Aim of the exercise
Without the images, repeat every line of the listing exactly.

Data section
......

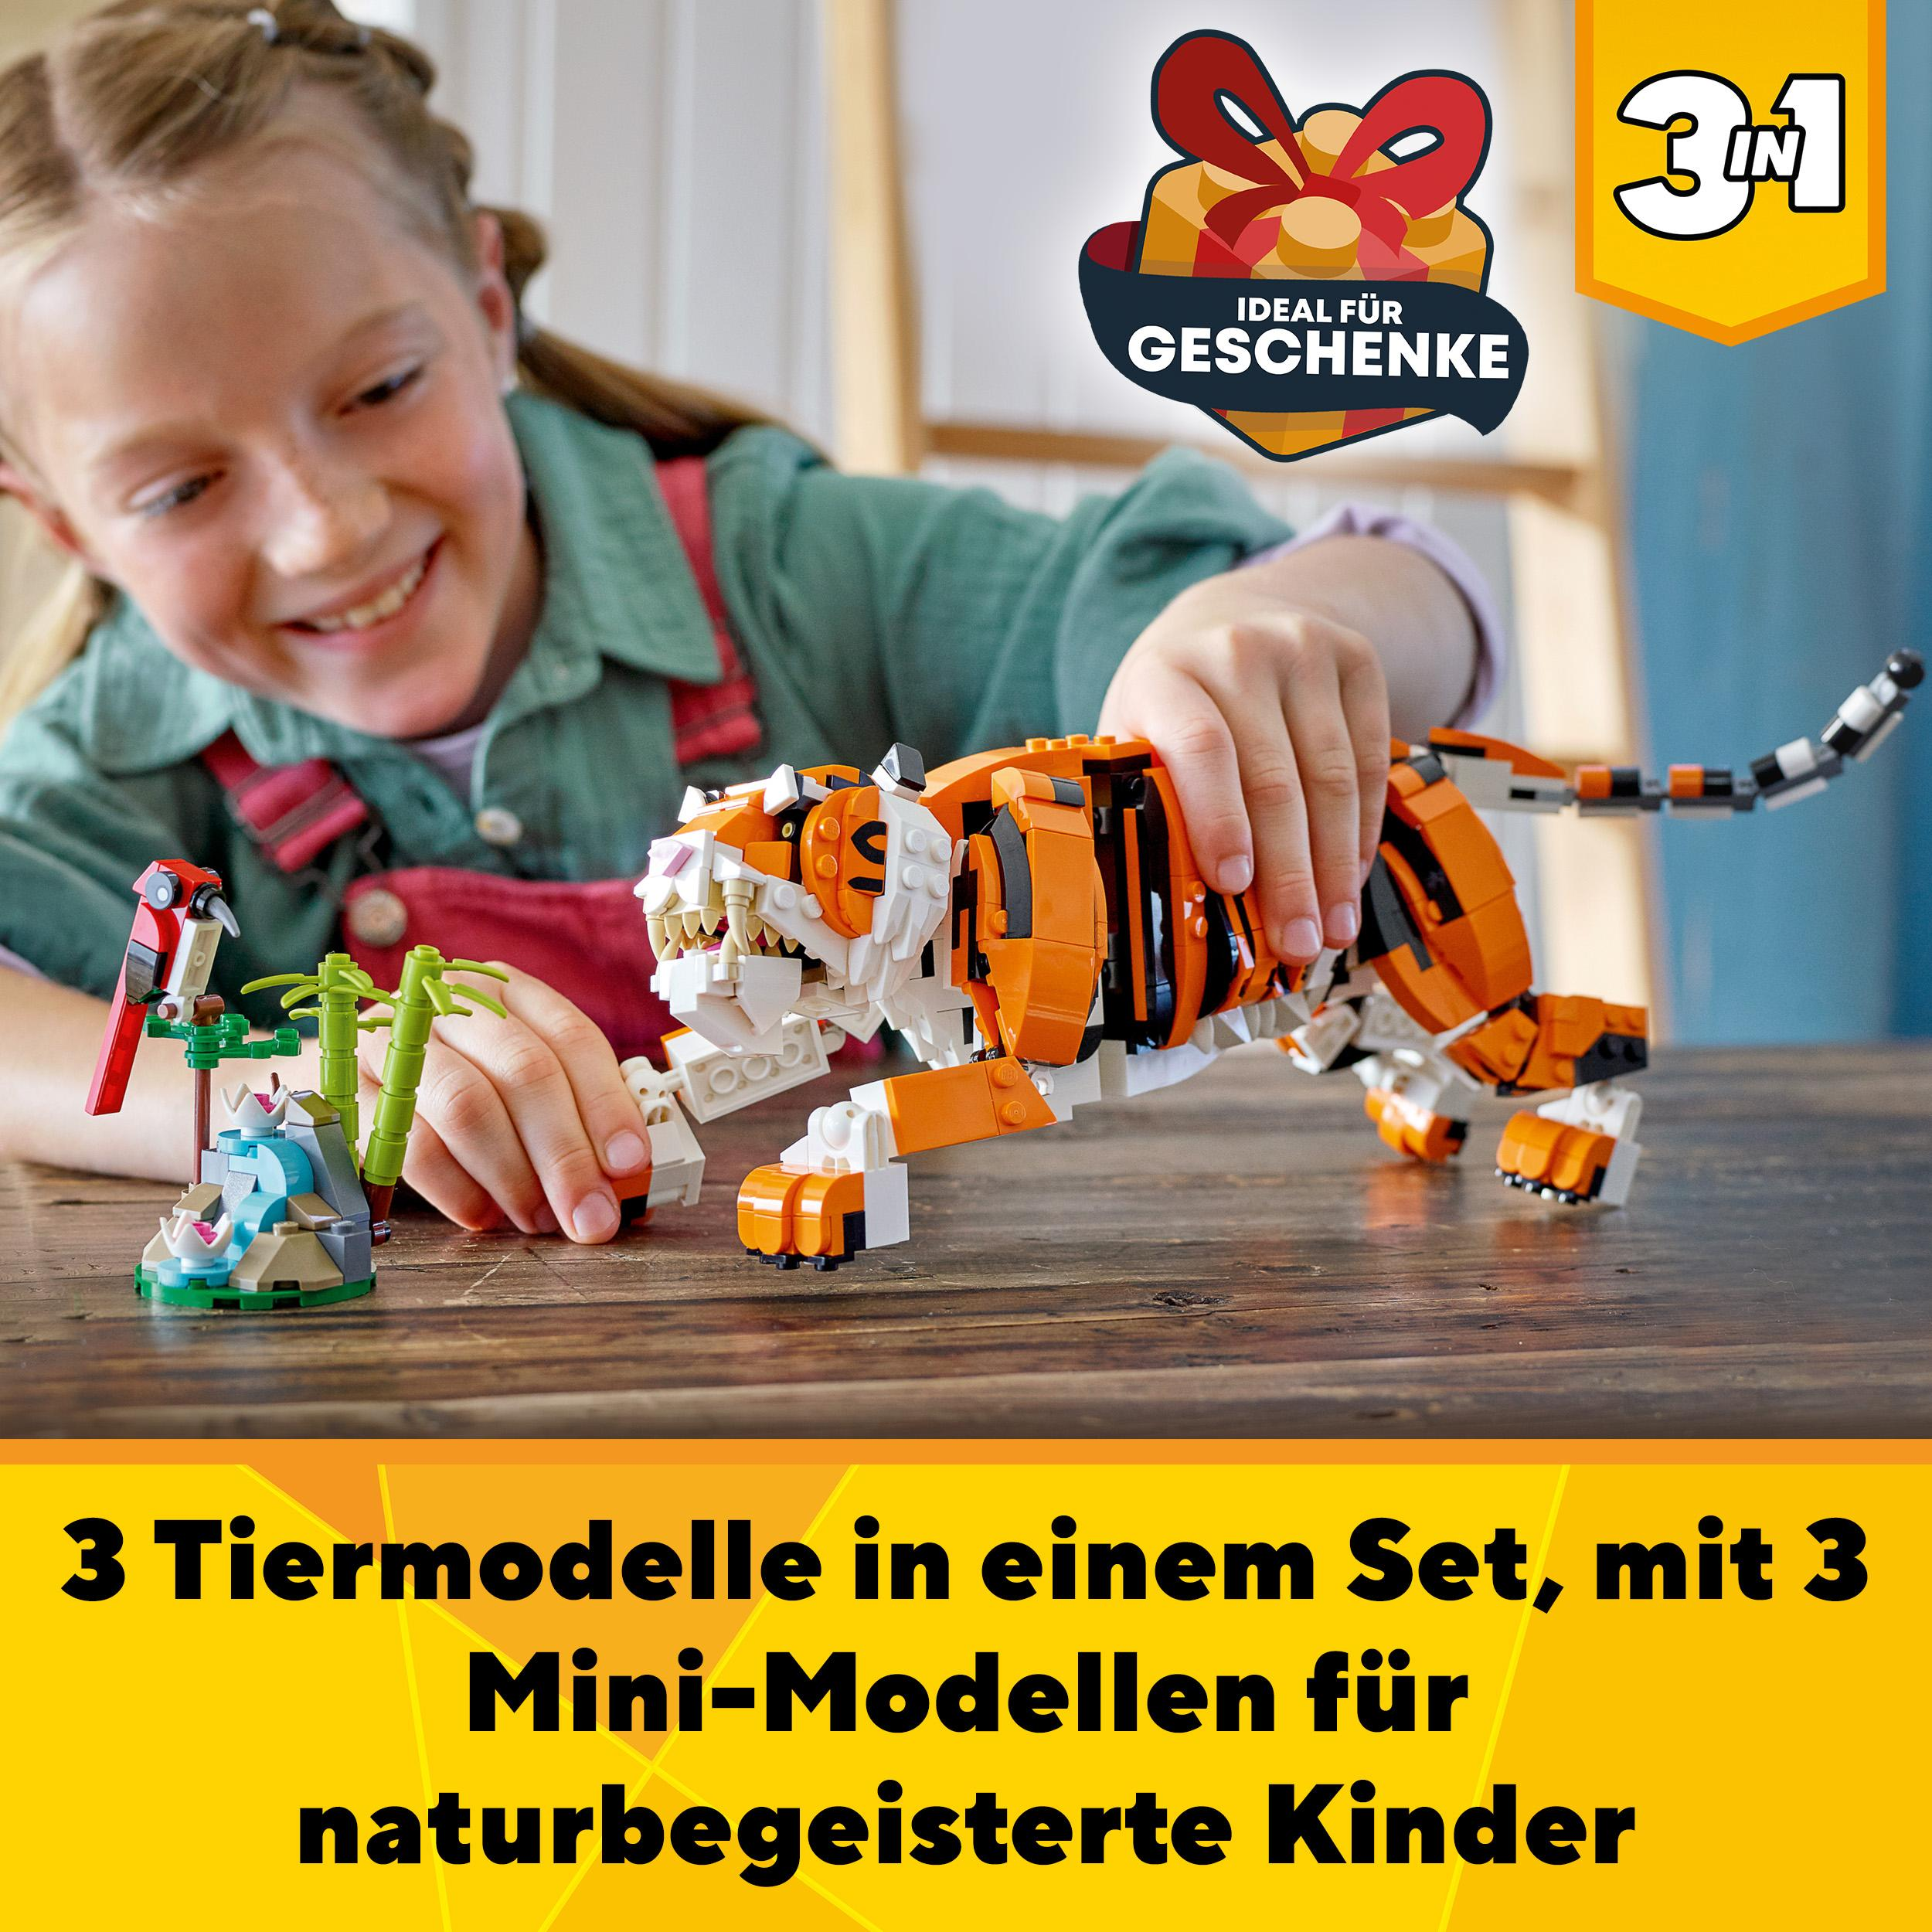 LEGO Creator 31129 Tiger Majestätischer Mehrfarbig Bausatz
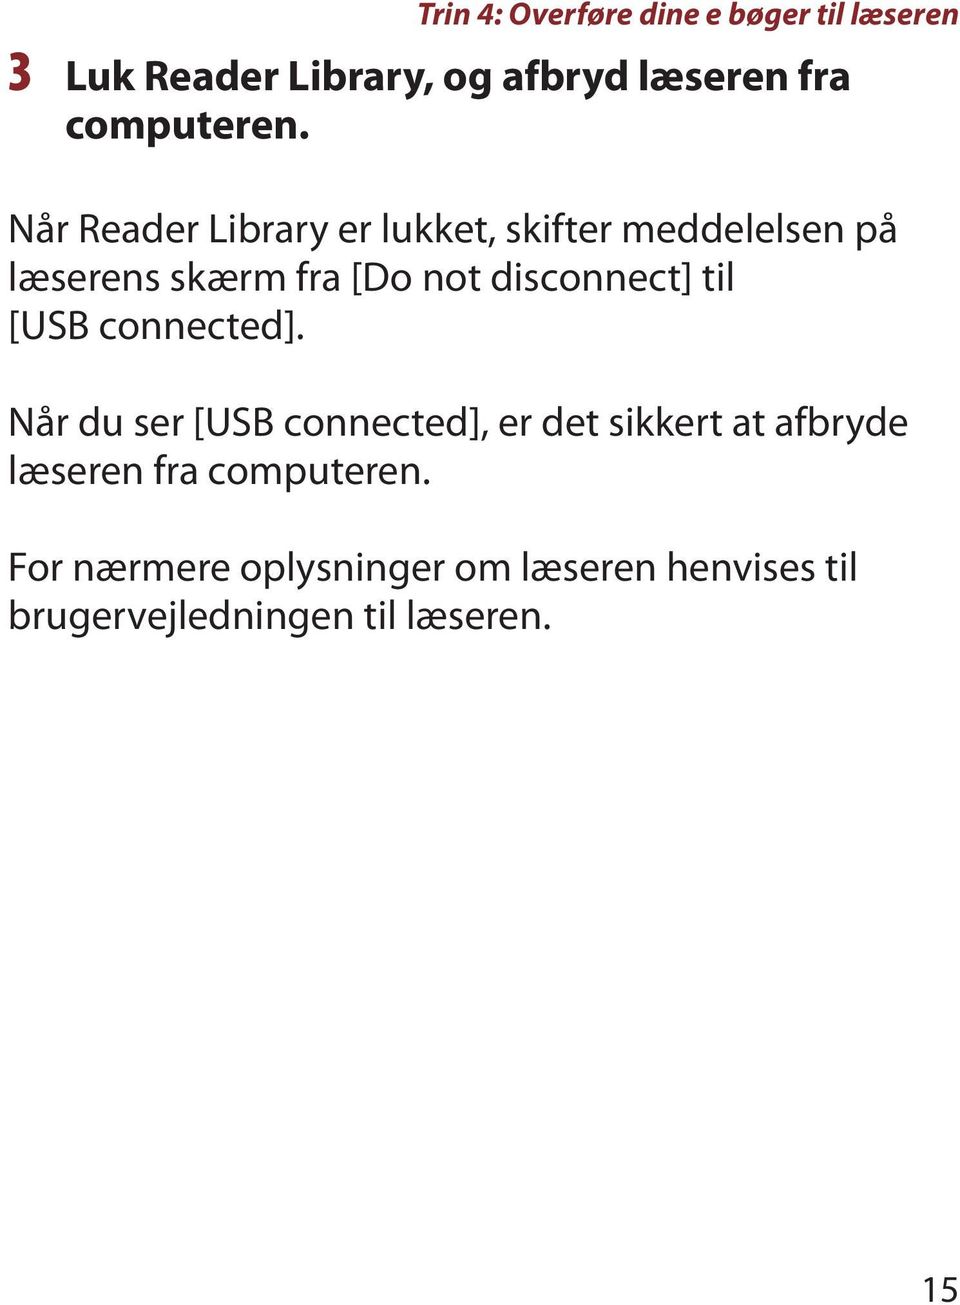 Når Reader Library er lukket, skifter meddelelsen på læserens skærm fra [Do not disconnect]
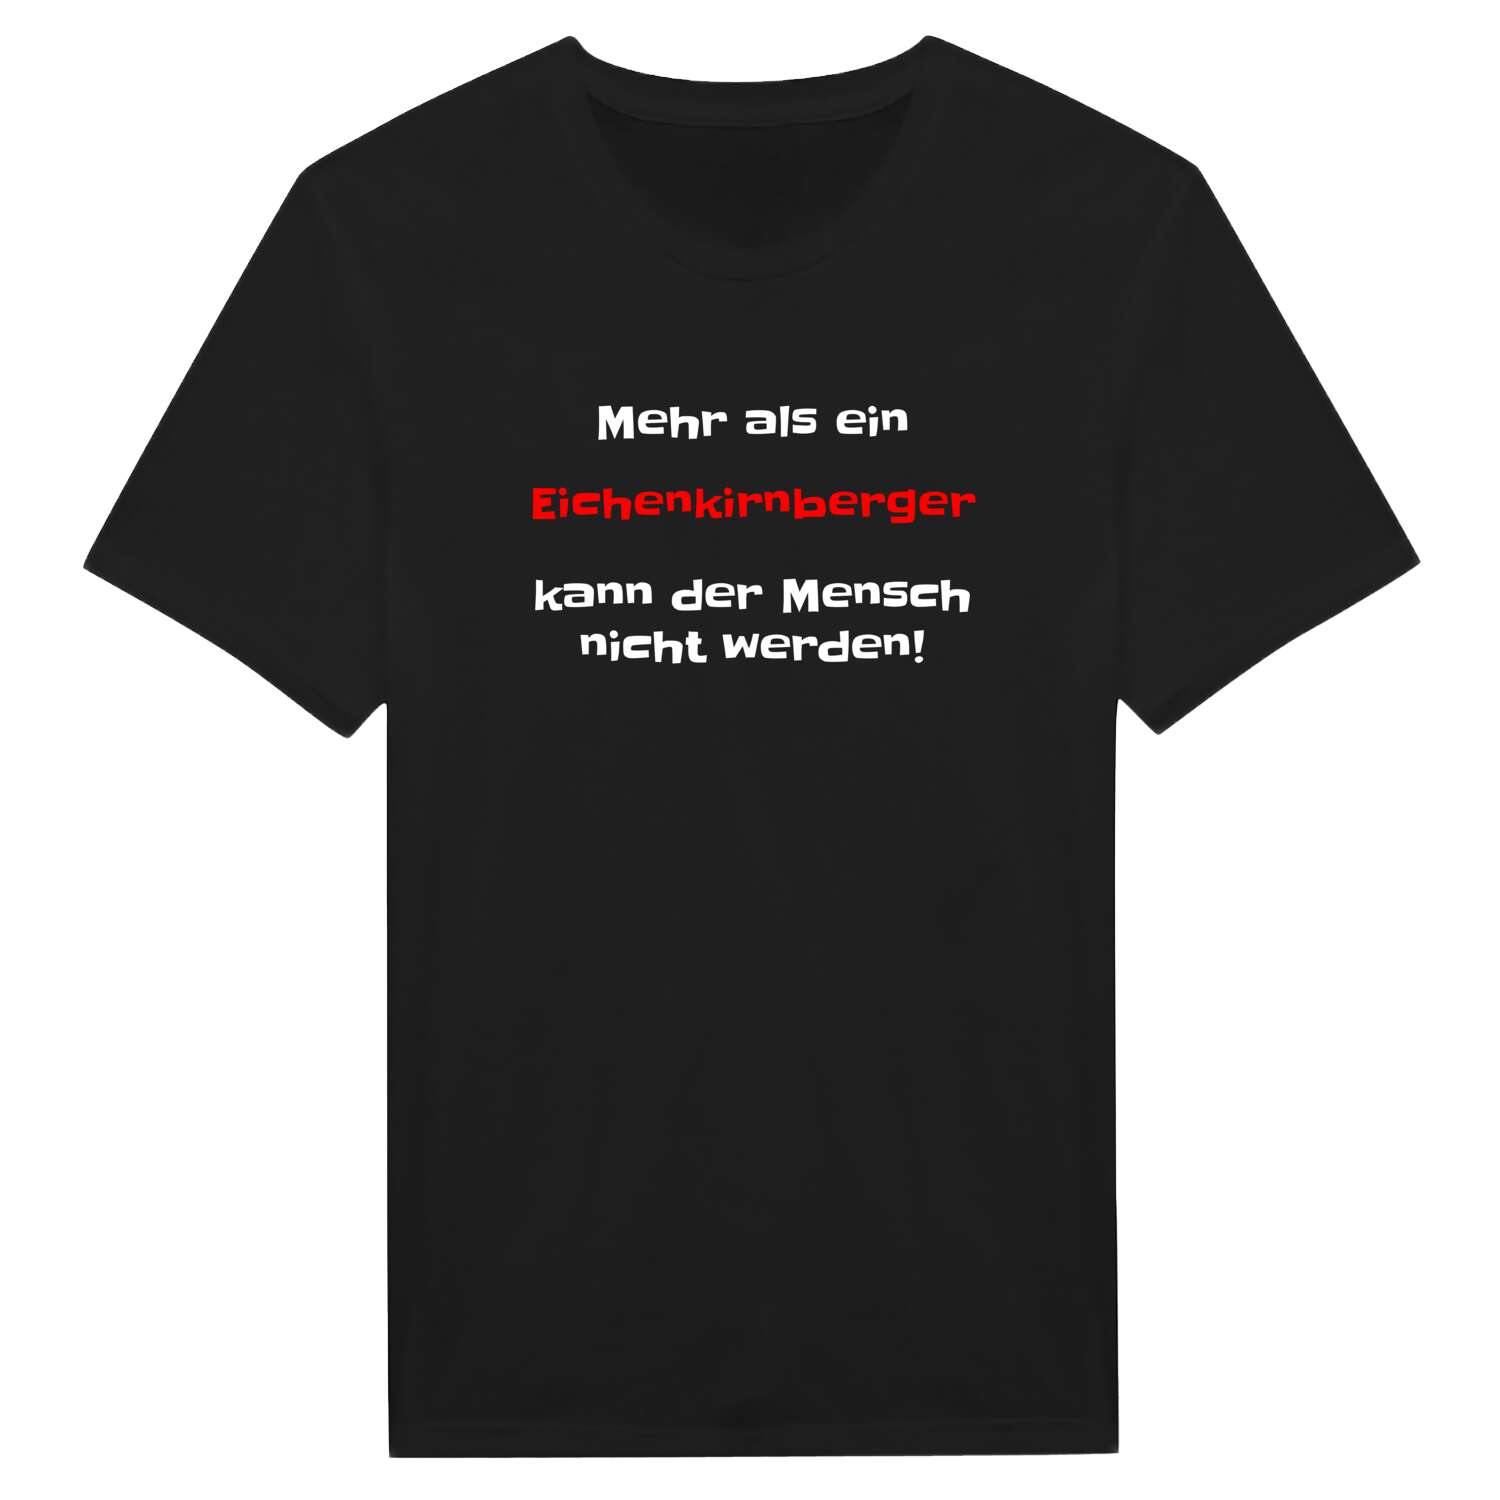 Eichenkirnberg T-Shirt »Mehr als ein«

......

Response to this exercise
 LEGO Creator 31129 Tiger Majestätischer Mehrfarbig Bausatz
 Når Reader Library er lukket, skifter meddelelsen på læserens skærm fra [Do not disconnect]
 Eichenkirnberg T-Shirt »Mehr als ein«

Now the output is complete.